Иван Васильевич старался быть веселым, шутил. В коридоре послышался шум, затопали сапоги, защелкали замки. Кущенко постучал в дверь:

— Эй, где вы там? Откройте!

— Чего гремишь? — появился на пороге часовой.

— Выпустите хлопца. Домой ему пора.

— Не до вас, — буркнул казак, закрывая дверь. Иван Васильевич выглянул в окно. Лицо его нахмурилось.

— Верно, им не до нас. Делом заняты…

Федя забрался на подоконник. Народу на улице стало еще больше. К подъезду Дядинских номеров подвели целую партию арестованных мастеровых.
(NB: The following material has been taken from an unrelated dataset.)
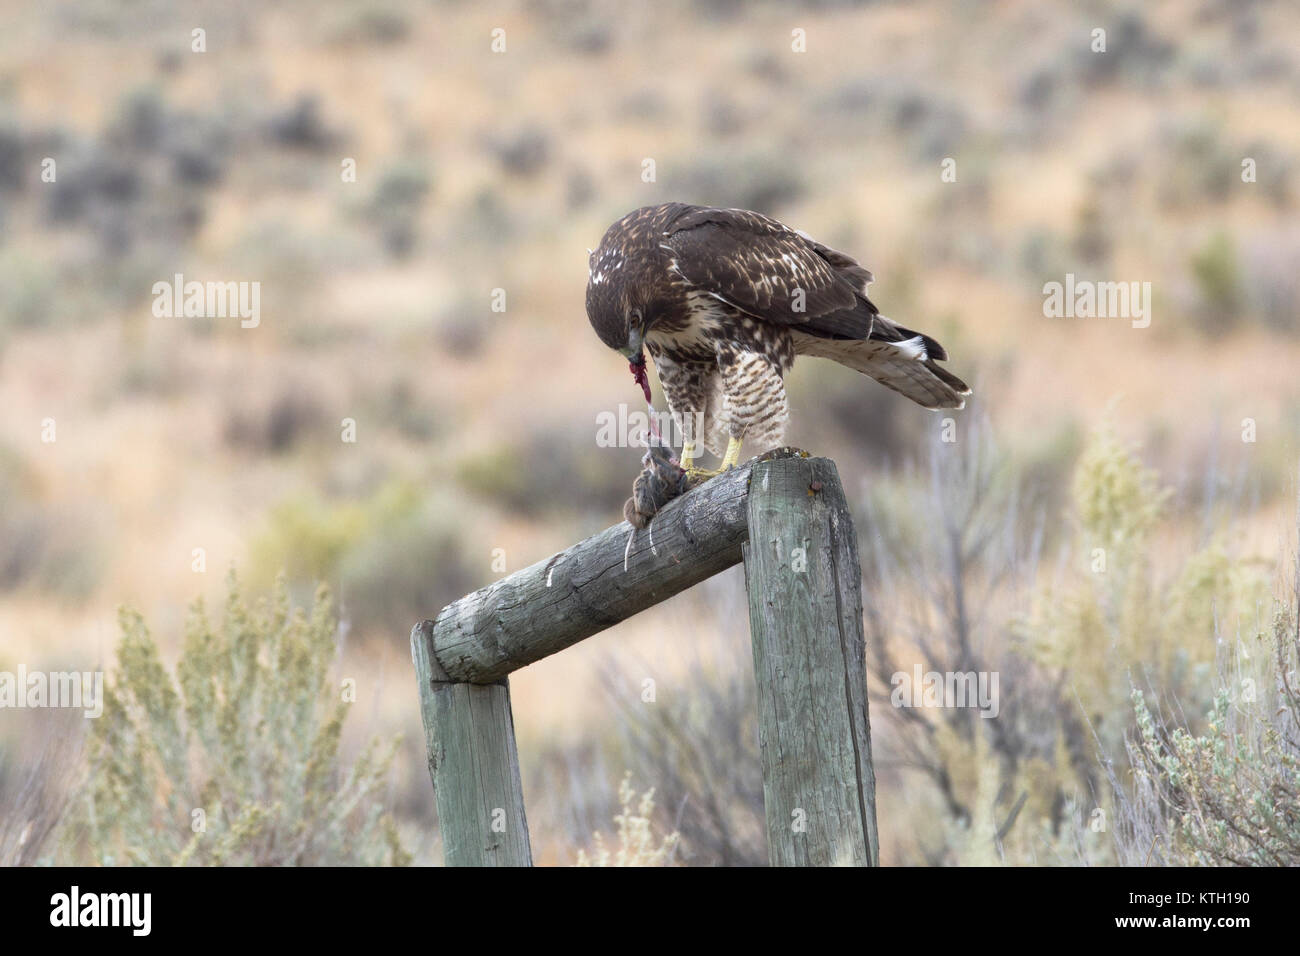 Red-tailed hawk eating prey in British Columbia, Canada. Banque D'Images

Долго по коридору топали сапоги, гремели замки, слышалась брань. Наконец, все угомонилось. Часовой вспомнил про мальчика.

— Выходи, кто тут лишний! — крикнул он, открывая двери камеры.

Федя бросился на шею отца.

— Я к тебе завтра снова приду. И послезавтра. Каждый день буду ходить, пока домой не вернешься, — шептал мальчик, глотая слезы.

— Конечно придешь. Я ждать буду, — Иван Васильевич прижал к себе сына и расцеловал в мокрые щеки. — Э, хлопец, а реветь не дело. Это девчачье занятие. Понятно? Ну, прощай. Федор…

Загрузка...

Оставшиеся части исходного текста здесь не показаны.